Exercise prompt | Only the lines below between the one holding "Bezaubernd Fatboy Petit" and the one holding "Panorama Cubillas rezerwuar", inclusive, are to be reproduced word for word; the pictures are to be left out.

Entries shown |
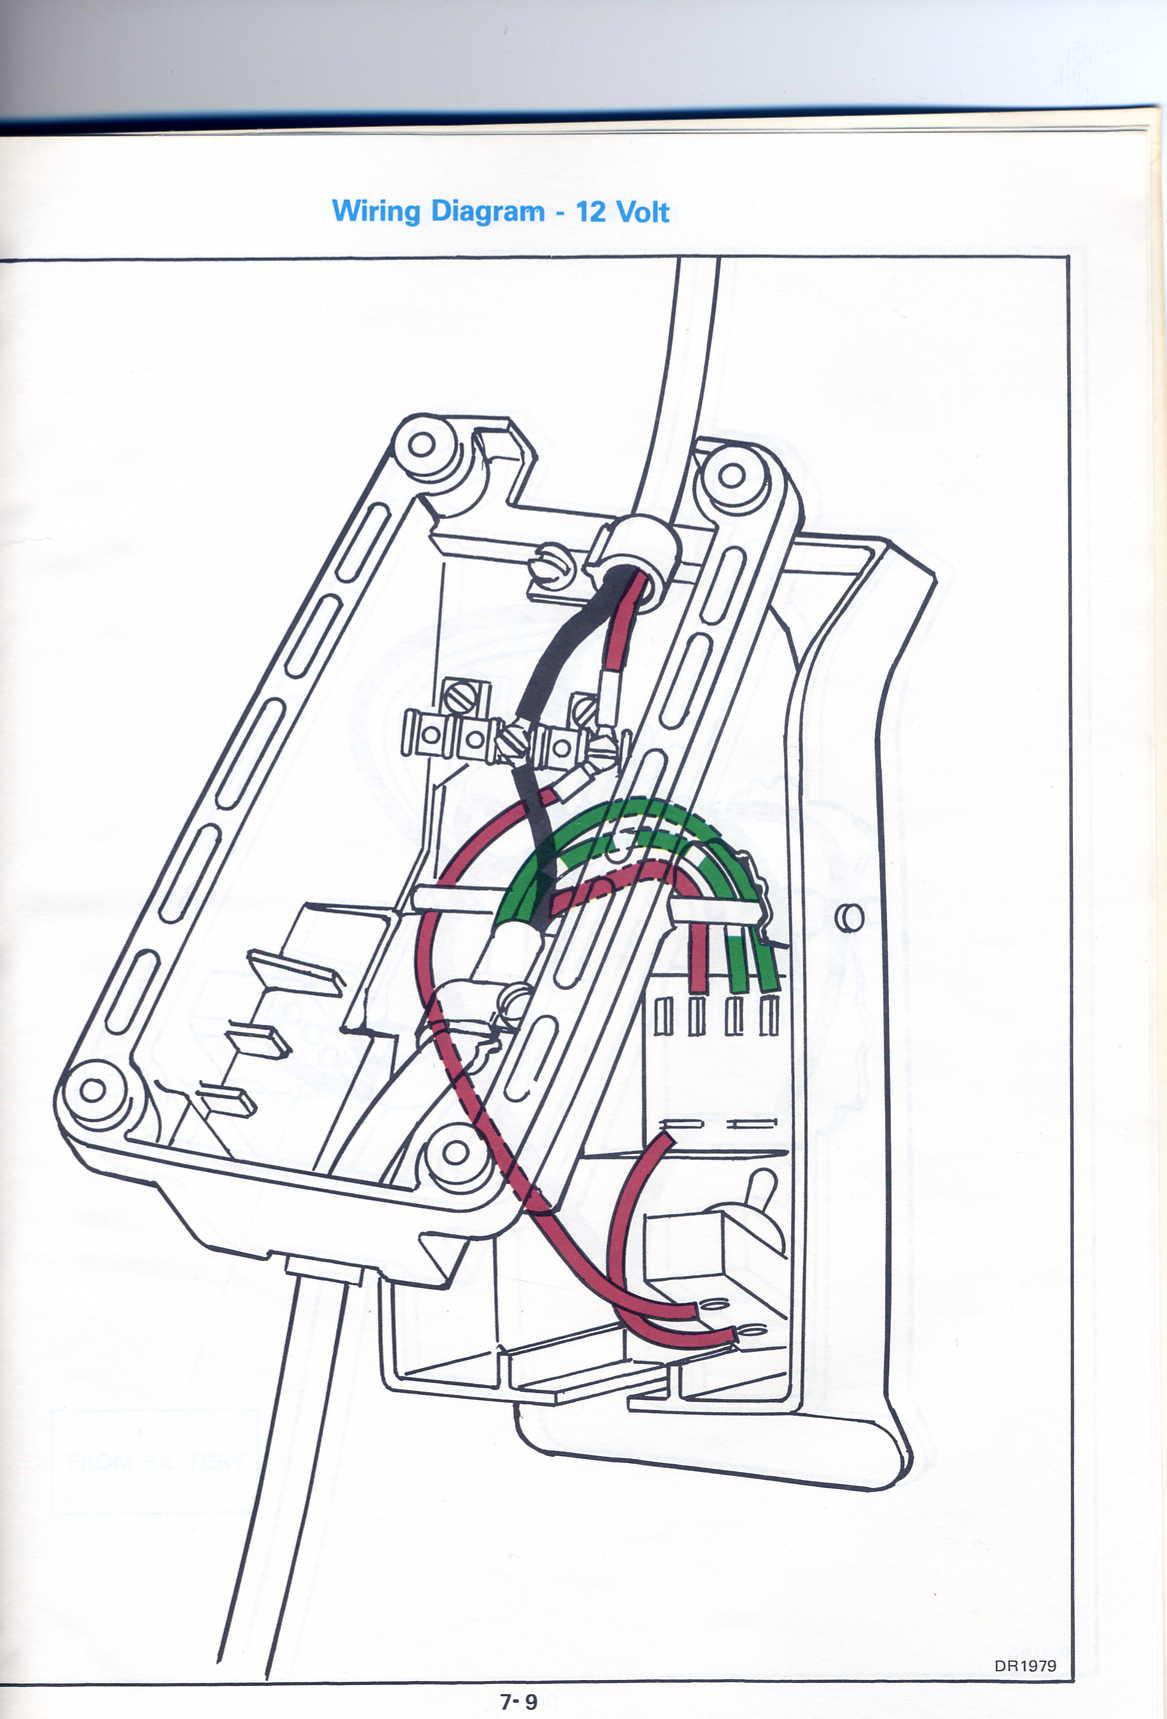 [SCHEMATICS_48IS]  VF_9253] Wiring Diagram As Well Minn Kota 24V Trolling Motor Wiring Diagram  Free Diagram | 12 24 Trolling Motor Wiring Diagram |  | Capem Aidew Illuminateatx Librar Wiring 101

---

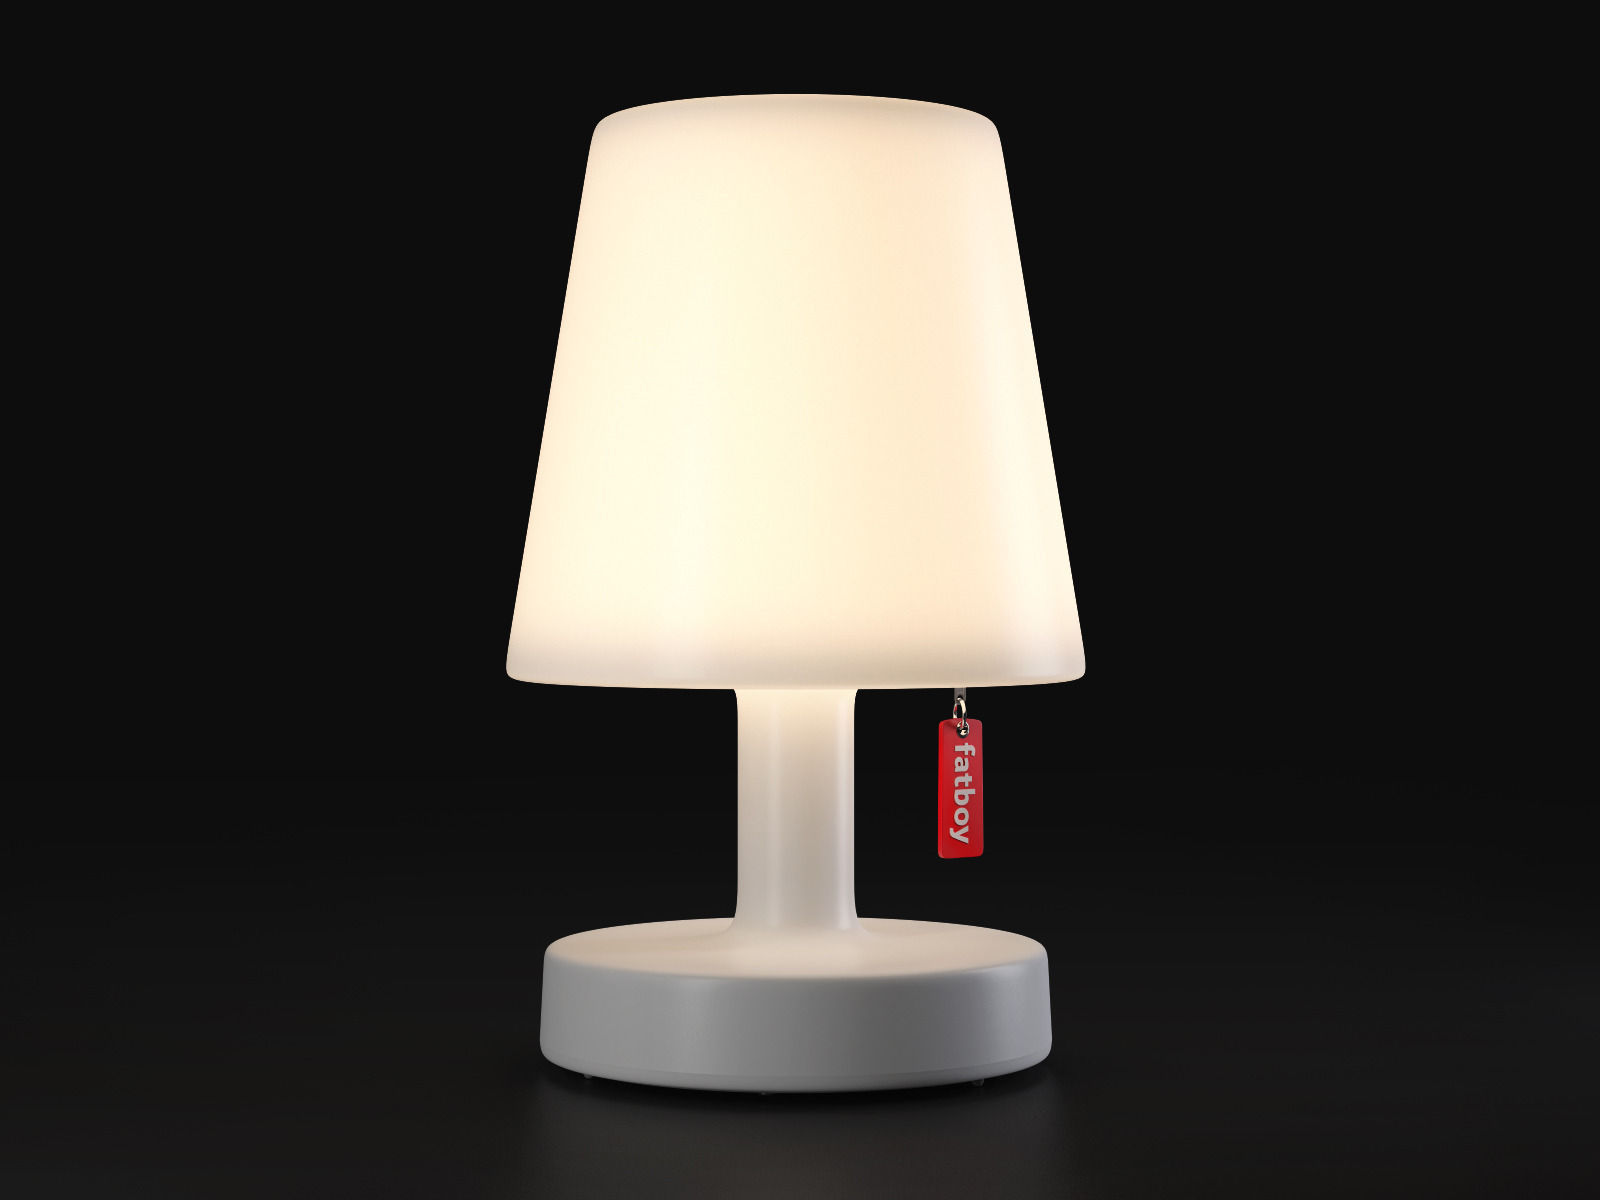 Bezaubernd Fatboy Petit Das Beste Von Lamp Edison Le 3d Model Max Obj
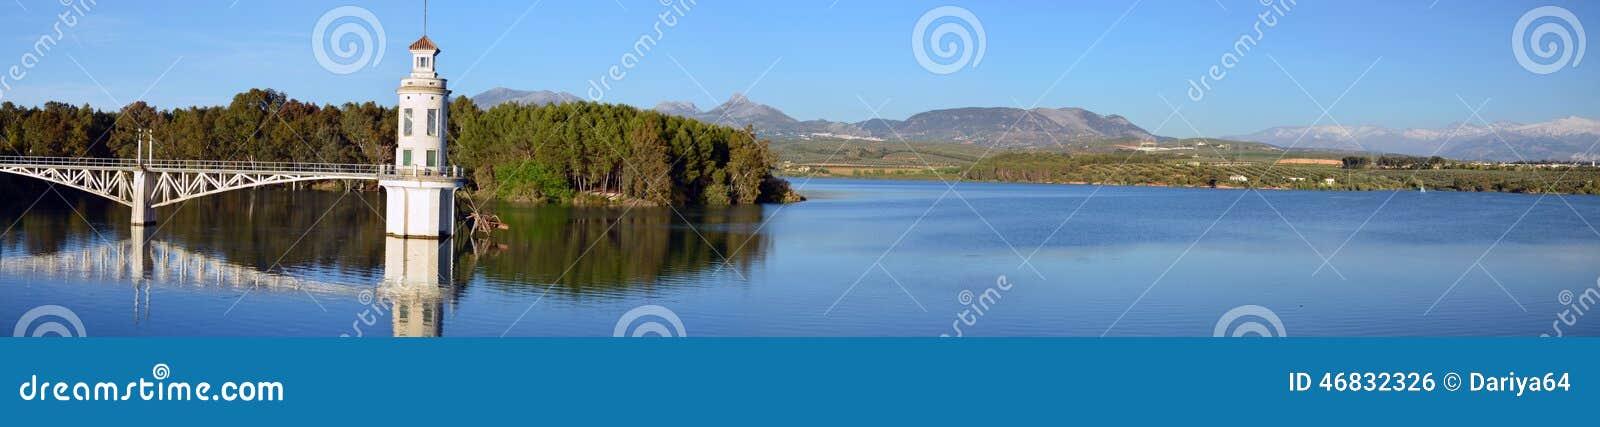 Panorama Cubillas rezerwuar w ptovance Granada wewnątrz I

Your response |
 Bezaubernd Fatboy Petit Das Beste Von Lamp Edison Le 3d Model Max Obj
 Panorama Cubillas rezerwuar w ptovance Granada wewnątrz I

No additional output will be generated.